No, this isn’t an article about Arthur Miller’s Pulitzer Prize winning play about Willy Loman. Instead, I want to address one of the three big myths that were debunked at the recent SiriusDecisions Sales and Marketing Summit last week in Nashville.

They reported that popular metrics indicate that buyers are 57% of the way through their purchase process before they engage a sales rep. They also mentioned that Forrester forecasts a 22% decline in the number of B2B sales over the next 5 years, which totals about 1 million sales reps that would possibly to lose their jobs.

That simply doesn’t live up to the research that SiriusDecisions found when they surveyed 1,000 B2B executives who were involved in significant purchase decisions. Their research found that B2B buyers interact with sales reps at every stage of the buyer’s journey. They also found that more than half the time rep involvement starts at the beginning of the buyer’s journey, and for more complex purchases that involvement is about two-thirds of the time.

So what that tells us is that buyers still need the help of salespeople, especially in the early process of a complex sale, in order to help them understand their own problem better and how they would go about solving it. This education stage of the buying process is actually one of the most important phases of the sales person’s relationship with the buyer. Also, this is clearly the phase of the buying process that has the greatest impact on the purchasing decision. Those sales people who can get in early and help the buyer create the scope of the problem, and how to solve it, have a better chance of directing the purchase outcome. More importantly, it is in this phase that they are the most value to the buyer.

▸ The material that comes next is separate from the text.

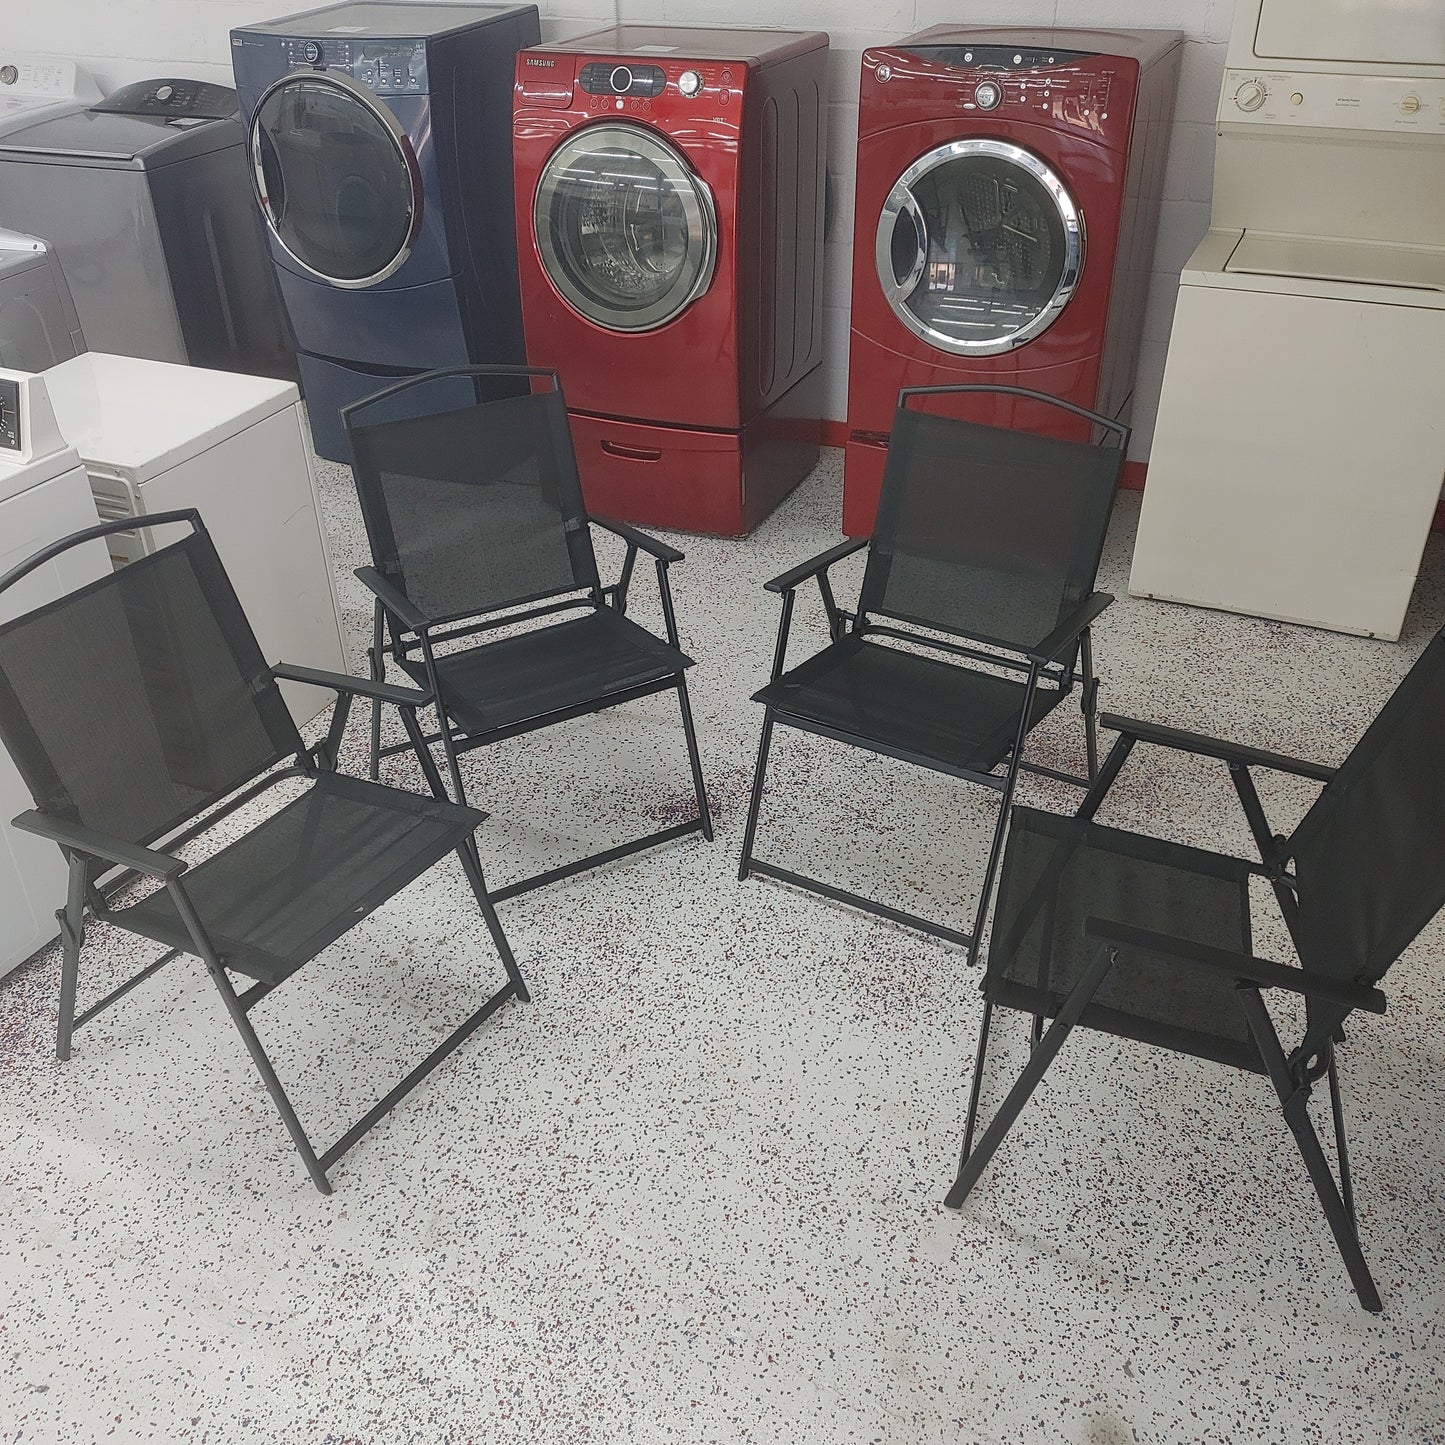 4 new patio chairs

Often time buyers are what I like to refer to as “unconscious incompetent” which simply means that they don’t even know that they don’t know! Sales people help them discover those things they don’t know about their own problem and raise their level of consciousness. It is at this stage where the sales rep adds a great deal of value to the buyer and their team that buyer’s simply can’t get through internet web pages.

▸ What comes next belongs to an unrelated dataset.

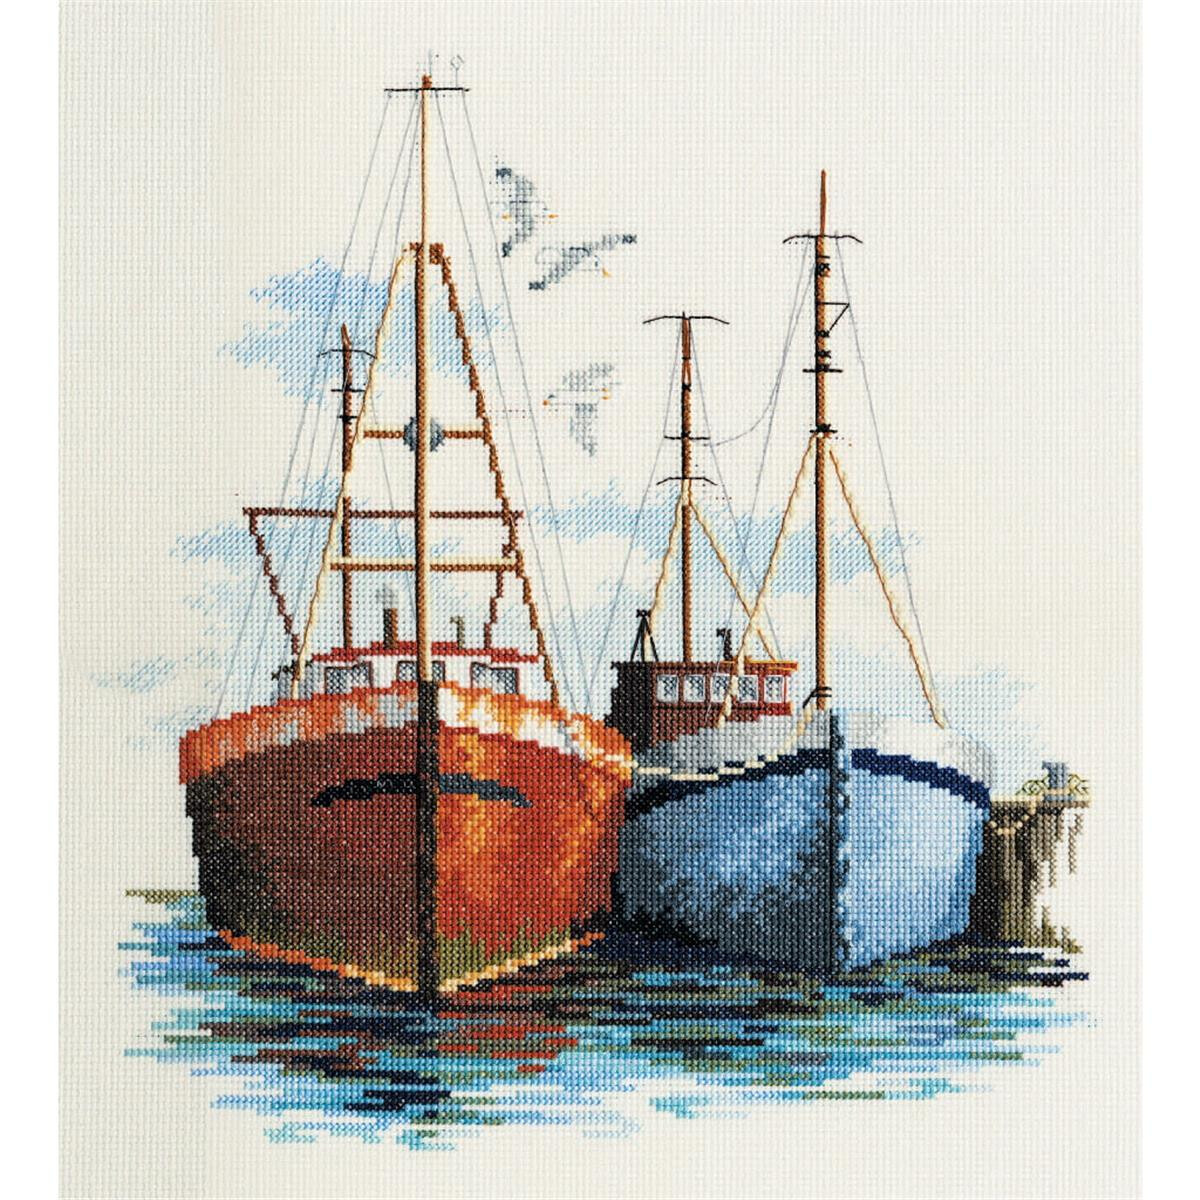 An embroidery pack from Bothy Threads showing two moored...

Social networks do help buyers, but the process is disconnected. So, I agree with SiriusDecisions findings that the idea and concept that sales people, at least those that sell complex solutions, are a dying breed. Sales people can bring additional resources, information and value to the table when they work with buyers that far exceed what they might get on their own from just the internet, making the death of the salesman not a fact but fiction. At least that’s the way I see it, what say you?